William Bateson
1861-1926
English Biologist
William Bateson was one of the scientists who, at the turn of the twentieth century, expanded the views of evolution and helped to describe the force of heredity and variation. He promoted the ideas contained in the newly rediscovered paper by Gregor Mendel (1822-1884) about inheritance of characters, and applied those ideas to Darwinian evolution. Bateson also coined the term "genetics," and conducted a wide range of experiments that broadened understanding in this area.
Bateson was born on August 8, 1861, in Whitby, Yorkshire, England. Throughout hischildhood, he maintained a limited interest in the natural world, considerably different from his father, who was a classics scholar at St. John's College in Cambridge. The young Bateson enrolled at St. John's in 1879. His childhood interests came to the forefront three years later when he won an honors examination in the natural sciences. While studying for that test, he became intrigued by the acorn worm, an elongate marine animal, and spent the next two summers in America studying whether it was actually a primitive chordate. (Current classification places it under the phylum Hemichordata, which has some of the characteristics of chordates but lacks a notochord.) After publishing his research, he earned a position as a fellow at St. John's College in 1885.
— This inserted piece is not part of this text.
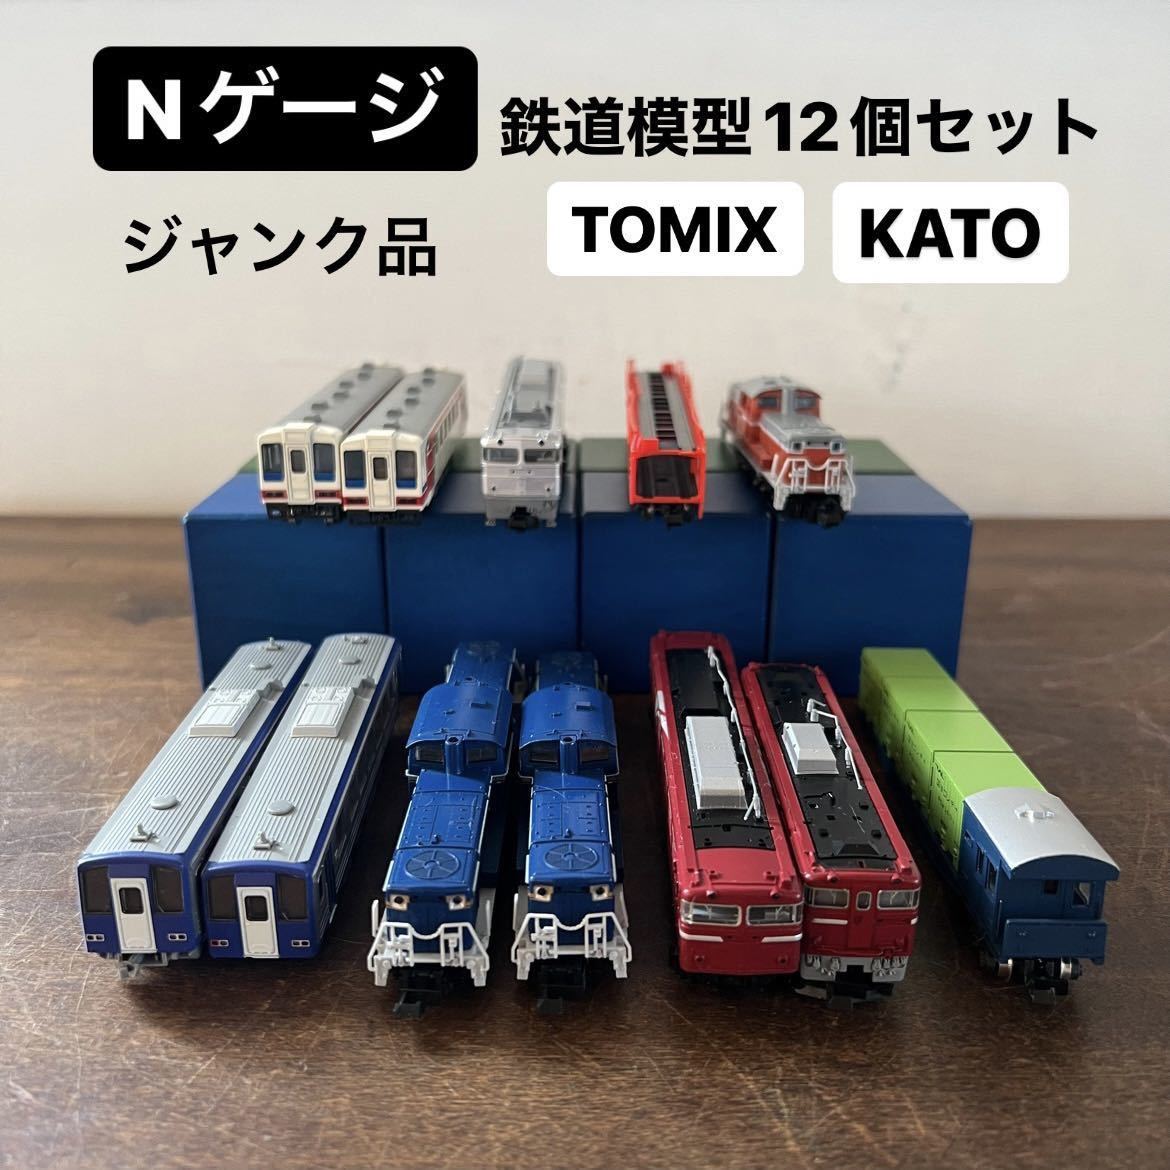 Yahoo!オークション - Nゲージ ジャンク品 鉄道模型セット KATO TOMIX...

Bateson's investigations of the acorn worm led him to challenge the then-current biological thought, going so far as to dispute the accepted phylogeny of organisms, which he felt lacked sufficient scientific evidence to back it up. These controversial views stalled his career a bit, but by 1908, he had accepted the position of professor of biology at Cambridge University. In 1910 he became director of the John Innes Horticultural Institution at Merton Park in Surrey, England, a position he held for the rest of his life. In 1912, he also took a two-year appointment as Fullerian professor of physiology at the Royal Institution.
Through the years, Bateson continued to investigate variation, or the differences between animals, and the role of heredity in that variation. When Mendel's 1866 paper on inheritance in peas resurfaced in 1900, Bateson began to consider whether the inheritance characters Mendel described were at work in animal variation. He felt that these characters, or genes, could explain his view that evolution is discontinuous, or proceeds by sudden jumps, rather than gradual and minute changes as Darwinian evolution proposed. He also felt that Mendel's paper helped explain how some characters—those traits associated with recessive genes—might disappear for a generation or two, then reappear. In all, he believed Mendel's paper, which Bateson ultimately translated into English, filled what he perceived as gaps in the current ideas about evolution.
He continued his studies by conducting a series of experiments in which he discovered that some genes were inherited together. That phenomenon is now known as "linkage," and occurs when certain genes are linearly arranged on the same chromosome. During his work on variation and heredity, Bateson in 1909 introduced the term "genetics" for this dynamic and growing research area. The word quickly caught on.
He continued his studies of variation, frequently challenging widely accepted concepts along the way. He was honored with the Darwin Medal in 1904, and the Royal Medal in 1920. Bateson died on February 8, 1926.